Structural geology of a classic thrust belt earthquake : the 1999 Chi-Chi earthquake Taiwan ( M w Z 7 . 6 )

Abstract We document the structural context of the 1999 Chi-Chi earthquake ( M w =7.6) in western Taiwan, which is one of the best-instrumented thrust-belt earthquakes. The main surface break and large slip (3–10 m) is on two segments of the shallow otherwise aseismic bedding-parallel Chelungpu–Sanyi thrust system, which shows nearly classic ramp-flat geometry with shallow detachments (1–6 km) in the Pliocene Chinshui Shale and Mio-Pliocene Kueichulin/Tungkeng Formations. However, rupture is complex, involving at least six faults, including a previously unknown deeper thrust (8–10 km) on which the rupture began. We compare the coseismic displacements with a new 3D map of the Chelungpu–Sanyi system.

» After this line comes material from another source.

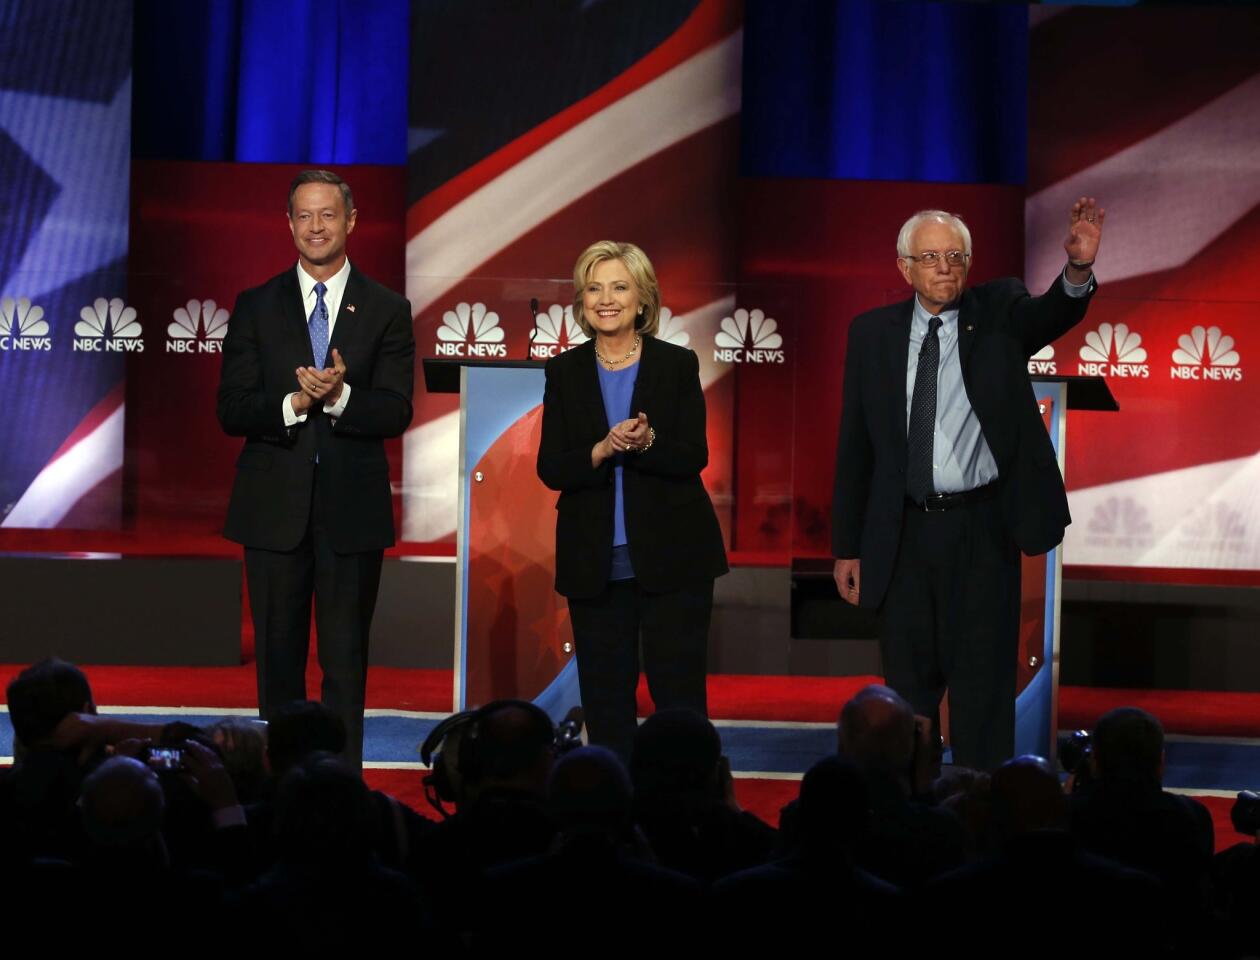 Democratic presidential candidates Martin O'Malley, left, Hillary Clinton and Bernie Sanders before their debate in South Carolina.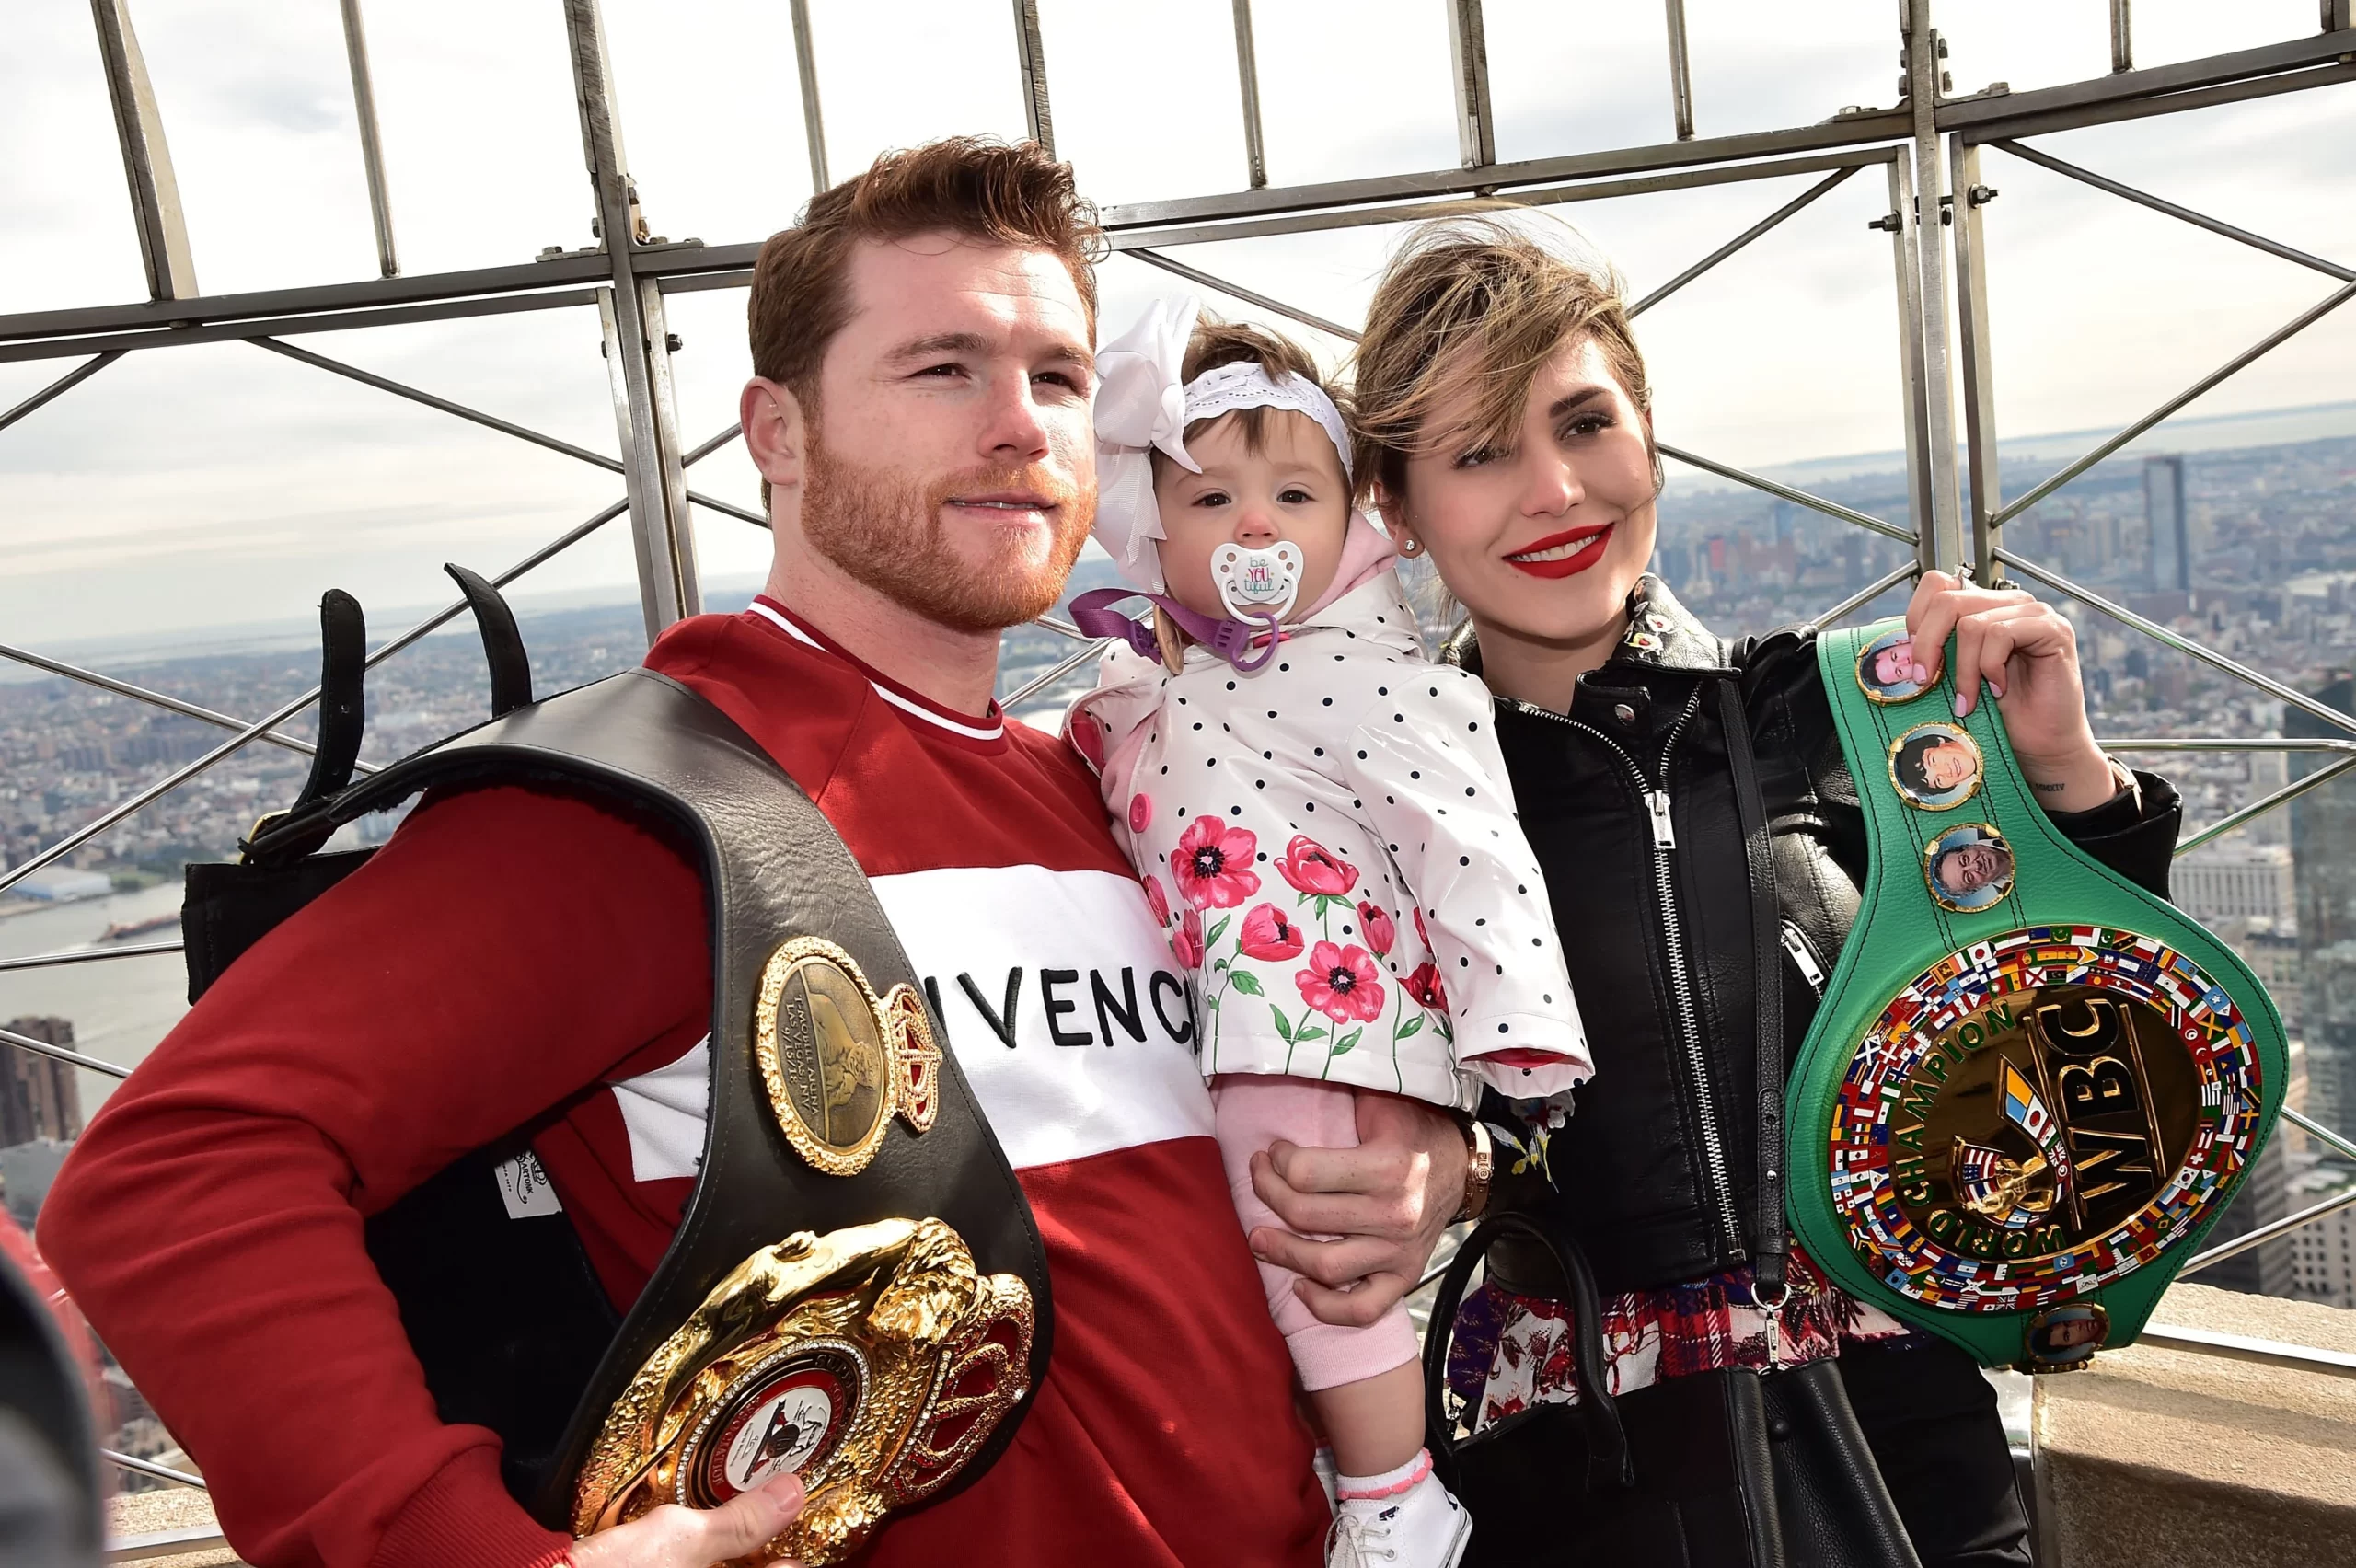 Canelo With His Wife, Fernanda, And Daughter, Maria

The displacements are spatially and temporally heterogeneous and well correlated with discrete geometric segments of the 3D shape of the fault system. Geodetic displacement vectors are statistically parallel to the nearest adjacent fault segment and are parallel to large-scale oblique fault corrugations. The displacement magnitudes are heterogeneous at several scales, which requires in the long term other non-Chi-Chi events or significant aseismic deformation. The Chelungpu thrust has a total displacement of ∼14 km but the area of largest Chi-Chi slip (∼10 m) is on a newly propagated North Chelungpu Chinshui detachment (∼0.3 km total slip) which shows abnormally smooth rupture dynamics.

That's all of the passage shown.